Total RNA was extracted by the conventional Trizol method. First-strand cDNA was synthesized with a Prime Script Reverse Transcriptase Kit (GenePharma, Shanghai) according to the manufacturer’s instructions. The specific primers were as follows: GAPDH forward 5ʹ-TCCACCACCCTGTTGTGTA-3ʹ, and reverse 5ʹ-ACCACAGTCCATGCCATCAC-3ʹ; SPOCD1: Forward: 5ʹ-CCCCATGGAGTGAAGCTTGT and Reverse: 5ʹ-GCACCATGGGCCTTTTCTTC-3ʹ.

Western blot

Total protein was extracted and quantified according to the manufacturer’s instructions. Western blot assay was performed as described previously. A polyclonal rabbit anti-human antibody against SPOCD1 (1:1,000; Abcam, USA) and p-AKT (1:1,000; Abcam, USA) and the goat anti-rabbit secondary antibody (1:2,000; Invitrogen) were used. GAPDH (1:1,000; Abcam, USA) was used as a loading control. The ECL substrate was used to detect their expression. The band intensities were determined using the Bio-Rad imaging system (Hercules, USA).

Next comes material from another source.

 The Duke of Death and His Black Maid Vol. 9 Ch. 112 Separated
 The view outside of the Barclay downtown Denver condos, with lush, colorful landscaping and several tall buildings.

Cell culture, treatment, and reagents

Human OC cell lines SKOV3and CAOV3 were purchased from ATCC and routinely cultured. Cell transfection involved use of lipofectamine 2000 (Invitrogen, Carlsbad, CA, USA) with SPOCD1 shRNA according to the manufacturer’s protocol. The primer sequence for SPOCD1 shRNA was designed by Shanghai GenePharma Co., Ltd. The efficiency in knocking down the target protein was determined by Western blot analysis after 48 hrs. SKOV3 and CAOV3 were treated by IGF-I after 24 hrs.

Cell growth assays

SKOV3 and CAOV3 cells were seeded in a 96-well plates at a density of 2,000 cells per well and maintained in DMEM containing 10% FBS at 37°C. Cell proliferation was detected by Cell Counting Kit 8 assay at various time points according to the manufacturer’s instructions (Dojindo, Japan). The experiments were repeated three times.

Colony formation

Cells were plated in six-well culture plates at 500 cells/well. After incubation for 14 days at 37°C, cells were washed twice with PBS and stained with 0.5% crystal violet solution. The number of colonies containing <50 cells was counted under a microscope. Colonies containing 50 cells or more were counted as colonies. The experiments were repeated three times.

Cell invasion assay

A total of 5×104 cells were suspended in 500 μL DMEM without serum and added to the upper chamber, while 750 μL DMEM containing 10% FBS added in the lower chamber. After 48 hrs incubation, the cells on the upper layer were gently scratched with a cotton stick. The cells that invaded into the chamber membrane were fixed in 100% methanol for 30 mins, then stained with 0.5% crystal violet. At least three random microscopic fields (magnification, 40×) were analyzed for each insert. The experiments were repeated three times.

Flow cytometry assay

Apoptosis was detected and assayed by an Annexin-V/FITC Kit (BD Biosciences, San Jose, CA, USA) according to the manufacturer’s instructions and analyzed by flow cytometry after a series of processes as described previously.

Statistical analysis

Data are expressed as mean ± SD and were analyzed by use of GraphPad Prism 5. Two groups were compared by Student’s t-test, and multiple groups by One-way ANOVA, with further two group comparison by Multiple Comparison Test Tukey’s test. When the variance of the two groups was not homogeneous, nonparametric tests were used. Correlations were examined by Spearman correlation analysis. The cumulative progression-free survival (PFS) and overall survival (OS) rates were calculated using the Kaplan–Meier, and differences were compared using a log-rank test. P<0.05 was considered statistically significant.

Results

SPOCD1 high expressed in OC tissues

We determined mRNA expression levels of SPOCD1 in 32 ovarian tumors and 32 non-tumor tissues. Realtime PCR analysis revealed that SPOCD1 mRNA levels were significantly increased in OC tissues compared with non-cancerous tissues (P<0.01, Figure 1A). IHC in 93 samples analysis showed positive expression of SPOCD1 in the nucleus and cytoplasm of OC tissues (Figure 1B). Also, SPOCD1 was significantly expressed in nucleus and cytoplasm of SKOV3 and CAOV3 cells (Figure 1C).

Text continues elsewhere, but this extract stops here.